Massive AI needs the performance and lossless packet delivery of InfiniBand, but it prefers the lower-cost and ubiquitous ethernet networking to run its data centers. As the figure below shows in the upper right, ethernet’s bandwidth fluctuates considerably as the TCP/IP protocol is durable to frequent packet drops. And that’s just not okay with big AI.
Nvidia’s solution is to provide these customers with Spectrum-X, a combination of a new Spectrum-4 ethernet switch combined with the high performance BlueField-3 DPU. The combination of the Spectrum-4 switch, the BlueField NIC and the Nvidia networking software stack achieves 1.7 times better overall AI performance and power efficiency along with the consistency afforded by a lossless network. That’s right: Nvidia is promising an ethernet network that does not drop packets. Sounds like magic to me, but this is just what enterprise and hyperscale data centers have been requesting for decades.
Conclusions
Nvidia has taken a holistic approach to training and running large AI models, laying out a reference architecture offering a 256-GPU building block that users of large AI will embrace. Combined with the recent Dell announcement, supercomputing traction for Grace, Microsoft Azure support for Nvidia Enterprise AI, the new MGX reference architecture, NVLink and the Spectrum-X lossless ethernet solution means that anyone running serious AI jobs has only one logical choice: Nvidia.

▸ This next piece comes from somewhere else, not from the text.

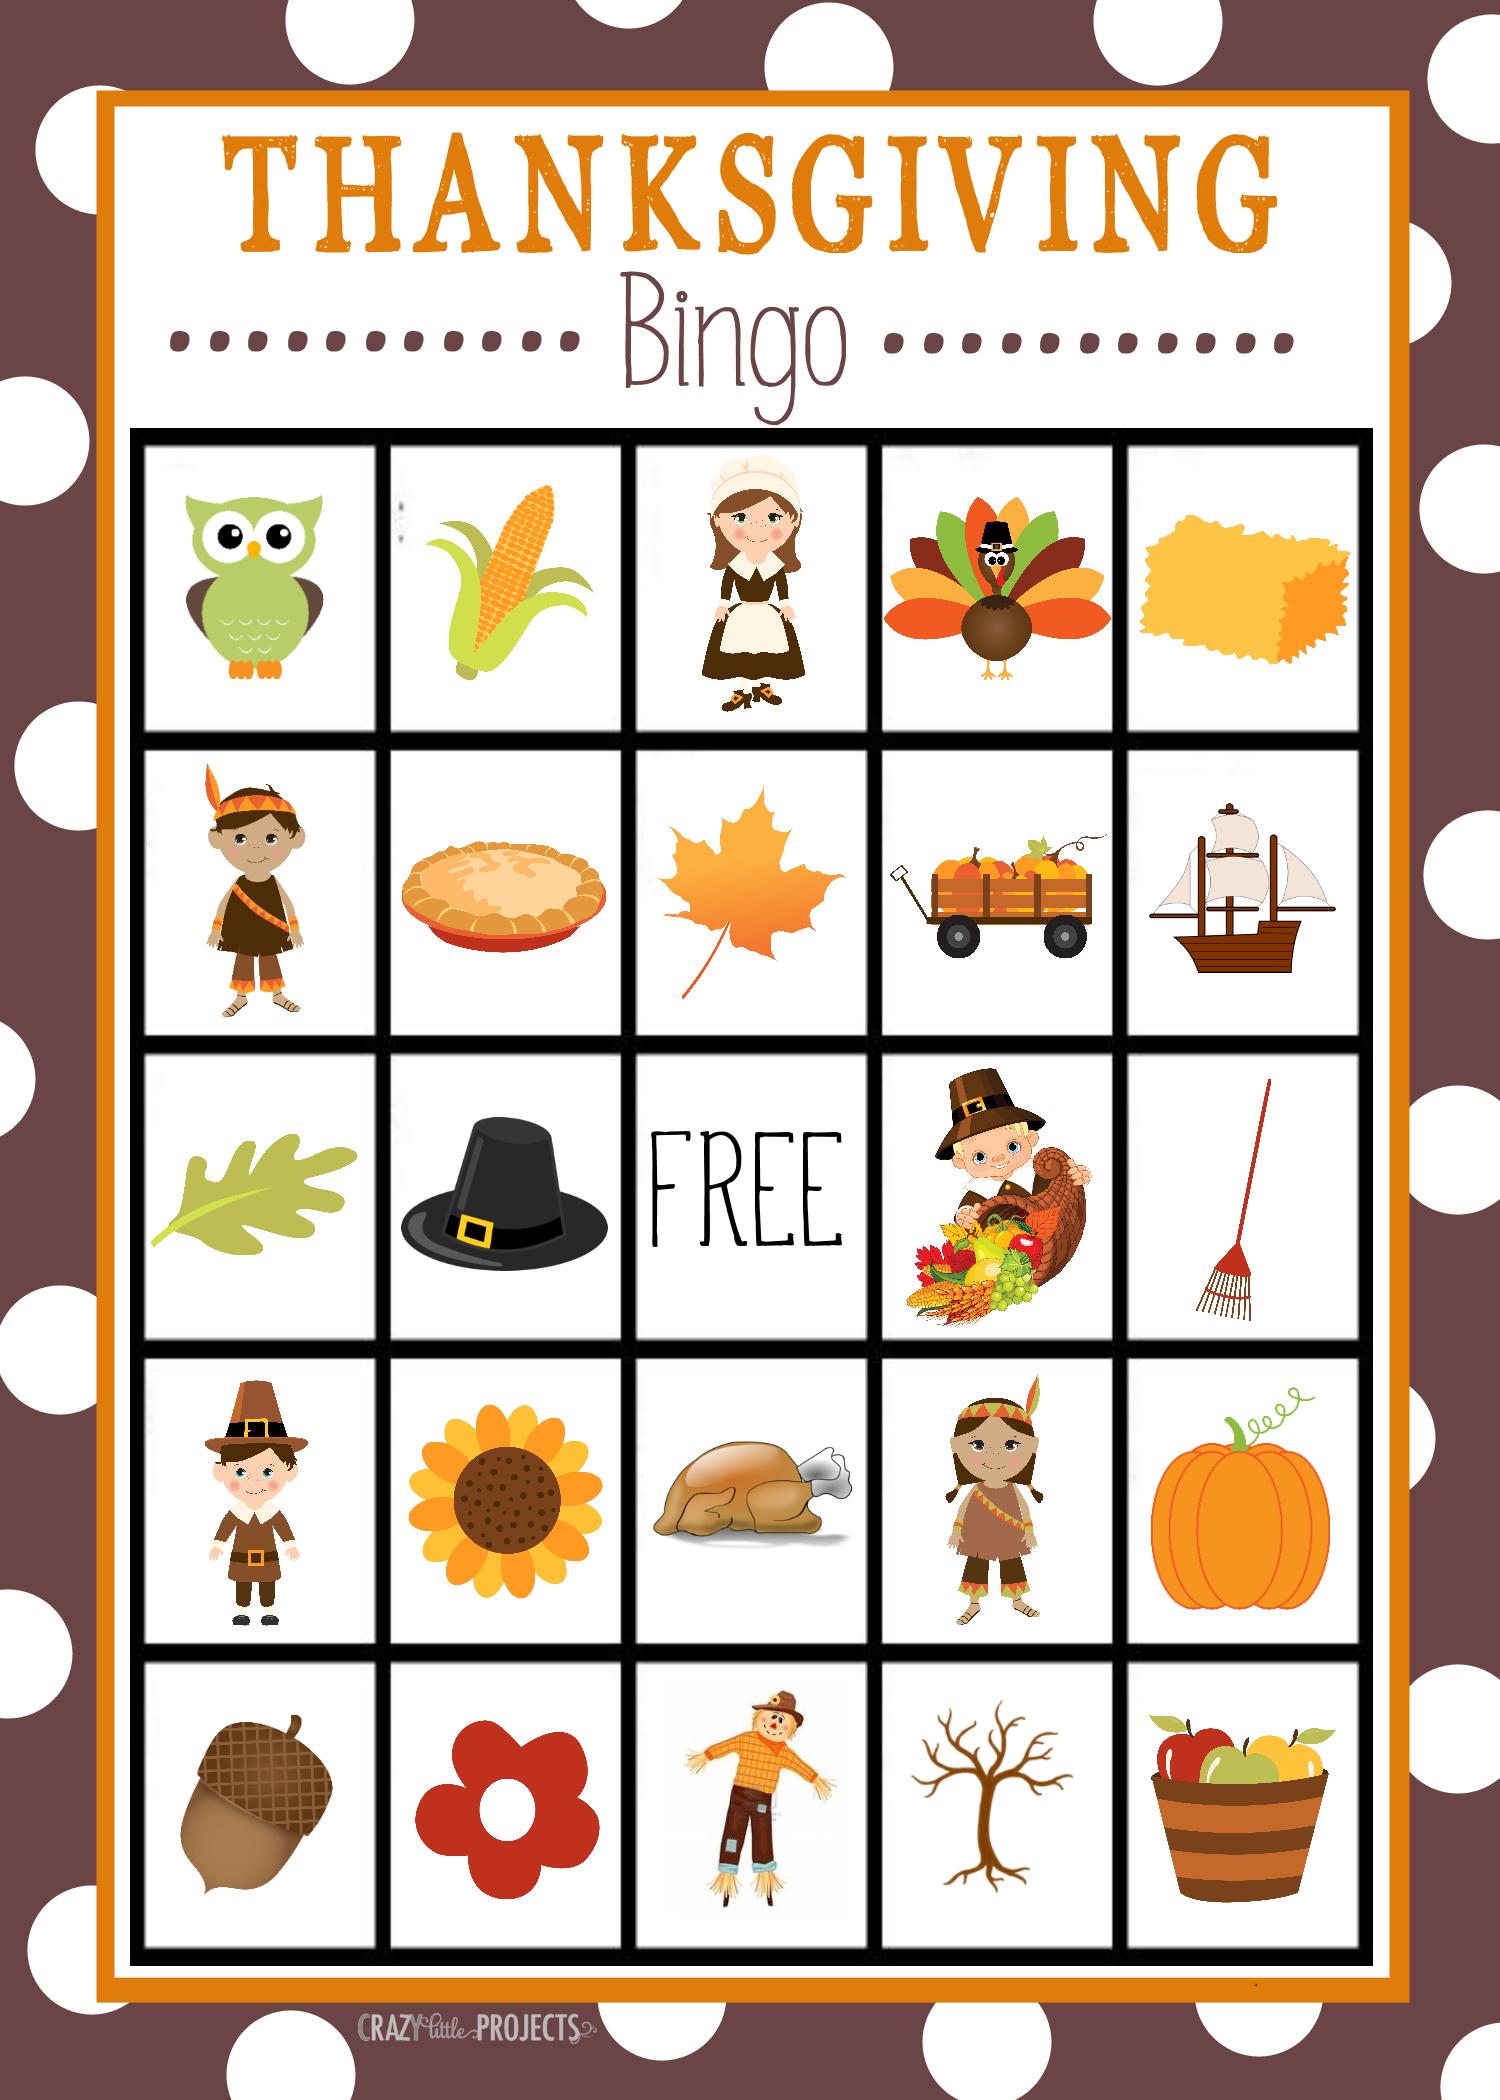 Free Printable Thanksgiving Bingo Game | Craft Time | Thanksgiving - Thanksgiving Games Printable Free

Could this change? Yes. Competition will always nibble at Nvidia’s heels. AMD has a serious entry, the MI300, set to enter the market later this year. RISC-V solutions like Tenstorrent and Esperanto are getting attention and traction, but not in the market where Jensen is focused: massive foundation models. Intel could pull a rabbit out of the hat with Gaudi3 and/or the forever-late PonteVecchio GPU.
But as I have said in the past, considering Nvidia’s superior hardware combined with the depth and breadth of its software to optimize AI and high performance computing (HPC) applications, all competitors combined could maybe get 10% of the market. In a $75 billion market, that could be plenty to float some more boats.
But Nvidia is the only trillion-dollar player, and we don’t see that changing.